For each \(\lambda\) value, we use a two-step strategy to determine the optimal \({\rm{\gamma }}\). First, we explore broad, equally spaced \({\rm{\gamma }}\) values starting from zero. The user selects the best \(\gamma\) based on changes in predictive performance and fairness metrics. We then narrow the search range around that value and repeat the process to finalize \(\gamma\) for the given \({\rm{\lambda }}\). Detailed pseudocode for selecting \(\gamma\) is provided in Supplementary Fig. 1.

Dataset and experiments

Our study population comprised OHCA patients treated by emergency medical services (EMS) providers, as recorded in the Resuscitation Outcomes Consortium (ROC) Cardiac Epidemiologic Registry (Epistry) (Version 3, covering the period from April 1, 2011, to June 30, 2015). The ROC, a North American database established in 2004, aims to advance clinical research on cardiopulmonary arrest57. Ethical approval was obtained from the National University of Singapore Institutional Review Board (IRB), which granted an exemption for this study (IRB Reference Number: NUS-IRB-2023-451).
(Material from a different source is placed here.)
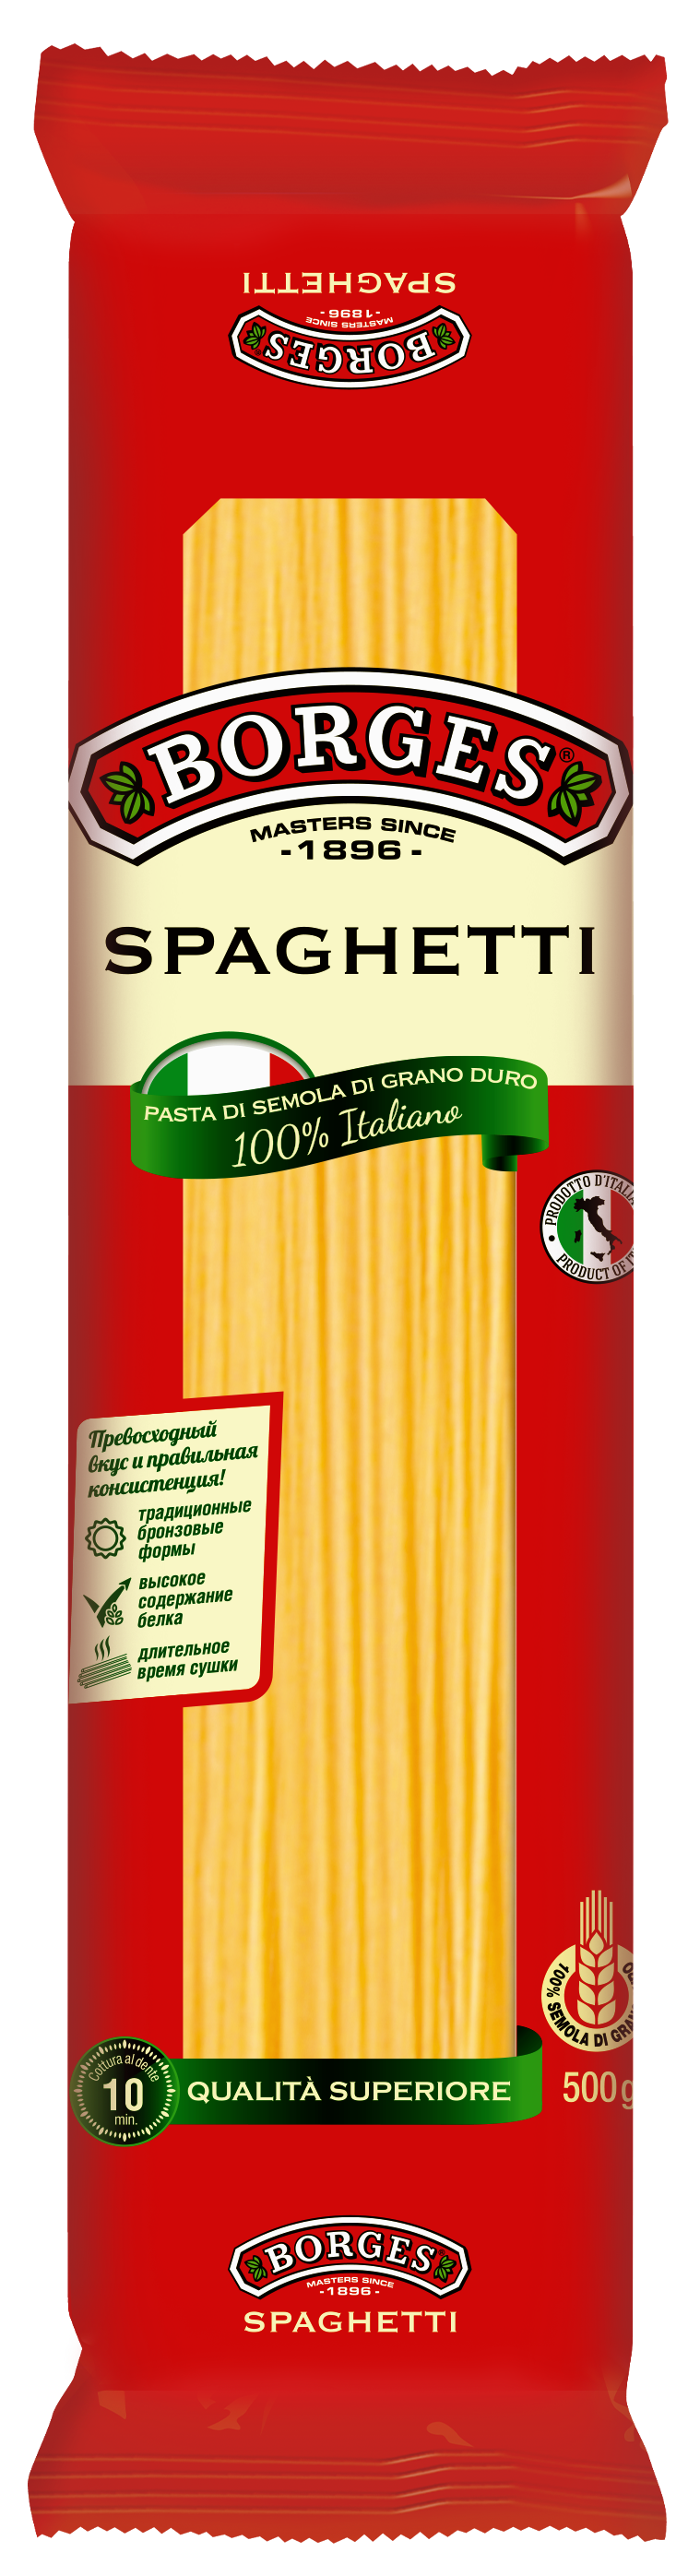 Espaguetis PNG

For cohort formation and predictor selection, we followed established methodologies in out-of-hospital cardiac arrest (OHCA) research57,58. We included patients aged 18 and older who were transported by EMS, achieved return of spontaneous circulation (ROSC) at any point prehospital, and had complete data on gender, race, etiology, initial rhythm, witness status, response time, adrenaline use, and neurological status. The primary outcome was neurological status at discharge, measured by the Modified Rankin Scale (MRS), where scores of 0, 1, or 2 were classified as a good outcome. Variables used for outcome prediction included age (in years), etiology of arrest (cardiac/non-cardiac), witness presence (yes/no), initial rhythm (shockable/non-shockable), bystander cardiopulmonary resuscitation (CPR) (yes/no), response time (in minutes), and adrenaline use (yes/no).
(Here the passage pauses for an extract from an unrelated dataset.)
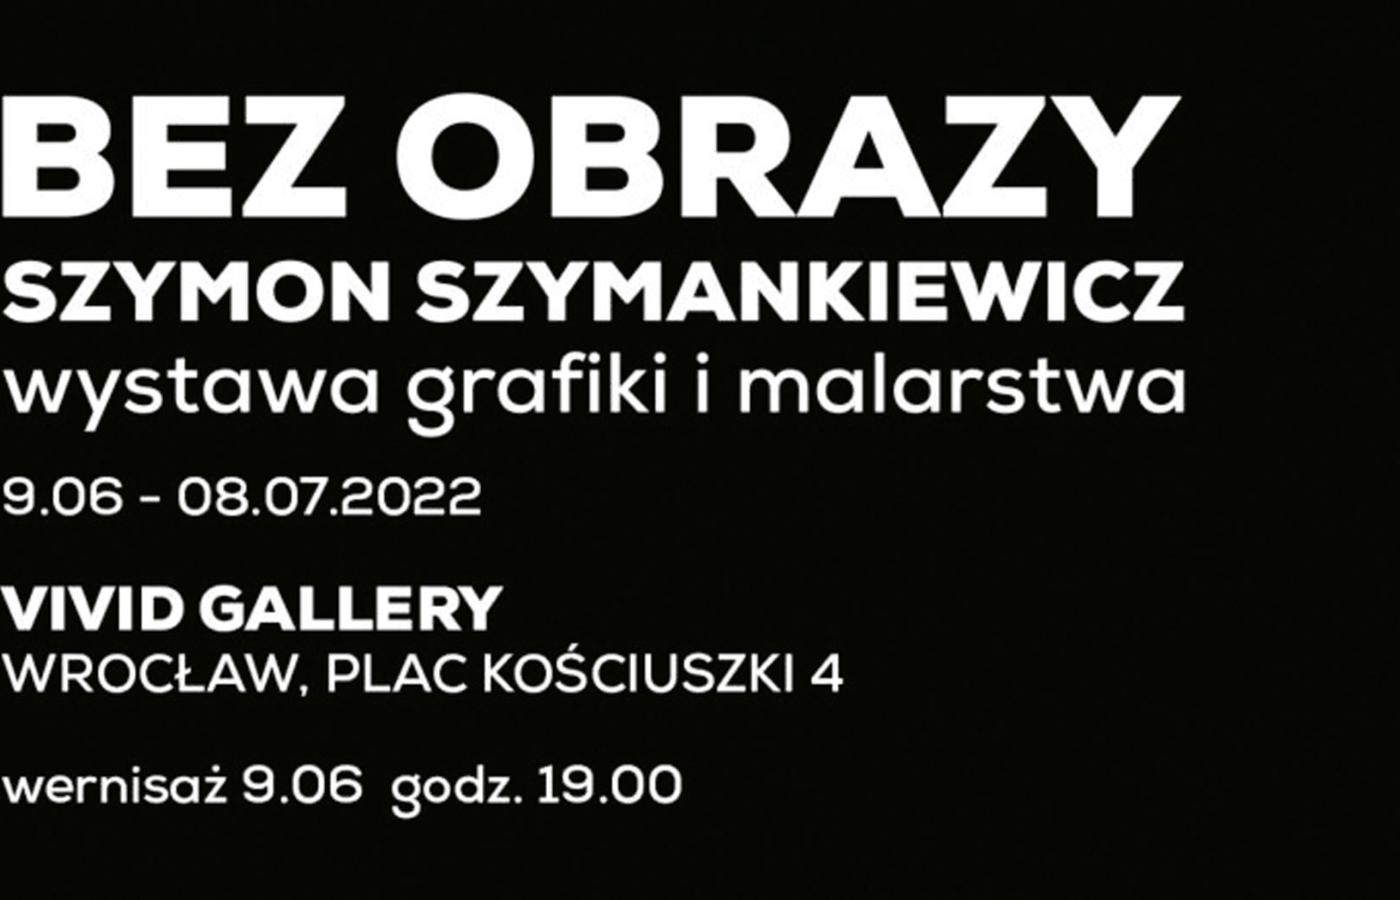 Wystawa prac Szymona Szymankiewicza we wrocławskiej galerii Vivid Gallery.

We conducted four sets of experiments to simulate real-world cross-site data by partitioning the full study cohort heterogeneously: (I) by race/ethnicity into four sites, (II) by age into four sites, (III) by race/ethnicity into six sites, and (IV) by age into six sites. Specifically, the probability of an observation being assigned to each site depends on the variable used for partitioning (age or race/ethnicity). As a result, the marginal distributions of predictors and outcomes become heterogeneous across sites. Continuous variables were standardized using the mean and standard deviation from the full cohort, and logistic regression was employed for outcome prediction. We focused on two representative FL frameworks, FedAvg and Per-FedAvg33. FedAvg is the foundational FL framework, being the first proposed in the FL domain32,54, while Per-FedAvg is a widely adopted solution for personalized FL. The latter is particularly relevant in healthcare data analysis, as it allows researchers to determine whether FL can offer localized benefits that enhance the performance of existing models for individual institutions25. Its effectiveness for personalized improvements on local datasets has also been demonstrated with healthcare data59.
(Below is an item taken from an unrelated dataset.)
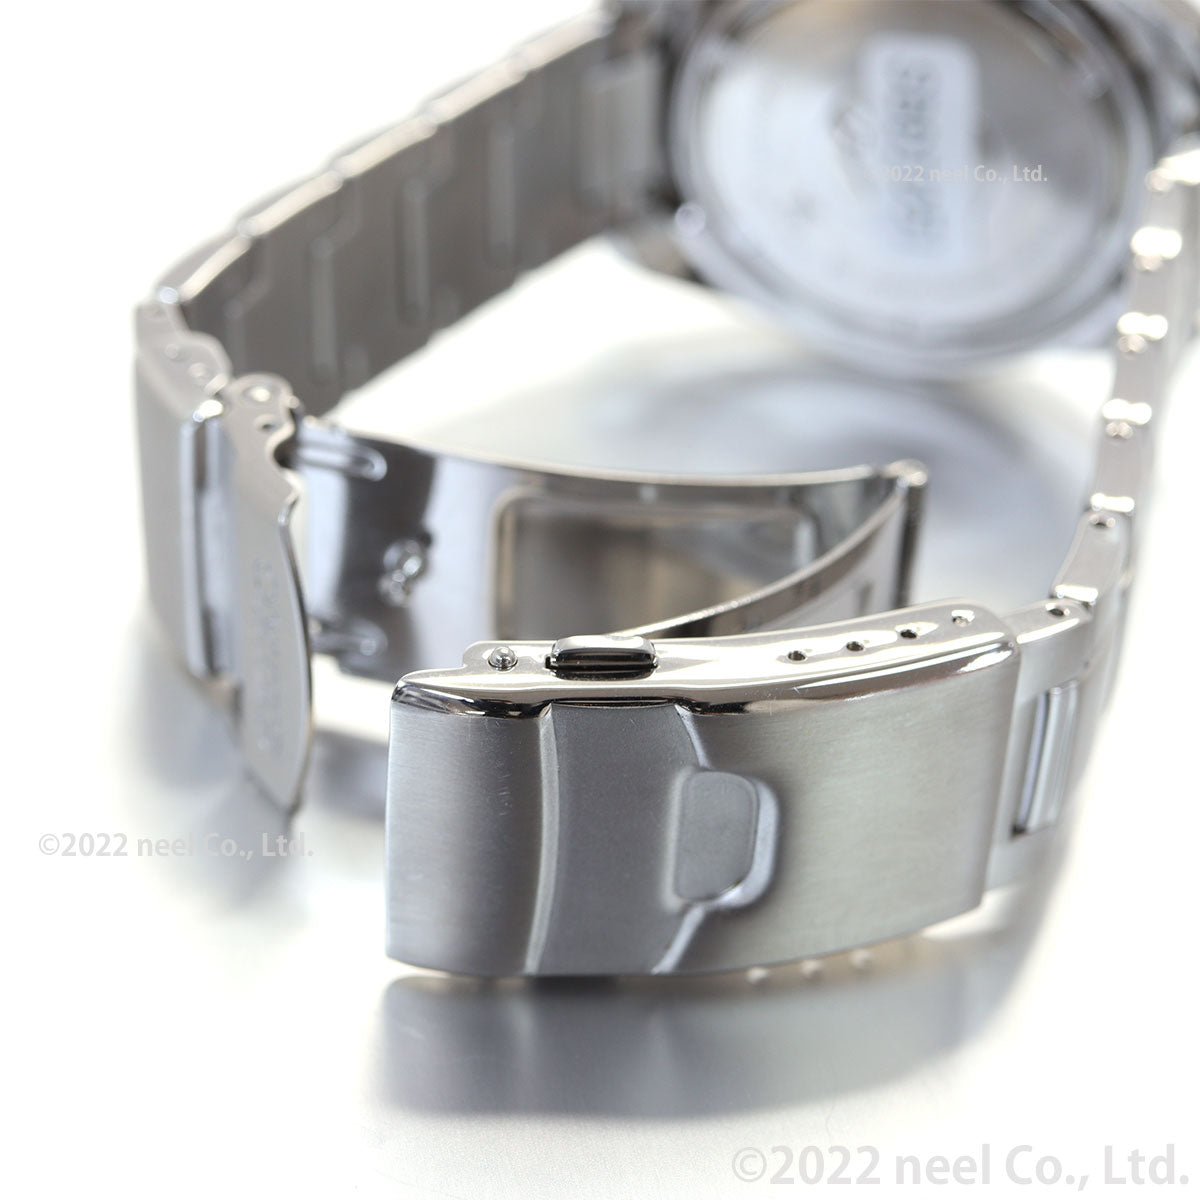 セイコー プロスペックス SEIKO PROSPEX ダイバースキューバ ソーラー 腕時計 メンズ SBDJ051

For each scenario, we conducted three types of analyses: (1) a central model trained on the full cohort and local models trained independently at each site, (2) federated logistic regression using FedAvg and Per-FedAvg, and (3) fairness-enhanced federated logistic regression using the proposed FairFML method with the two FL frameworks–FairFML (FedAvg) and FairFML (Per-FedAvg). We evaluated model performance using the area under the receiver operating characteristic curve (AUROC) and four fairness metrics, as described in “Group fairness metrics,” with gender as the sensitive variable, using the ‘Fairlearn’ package60.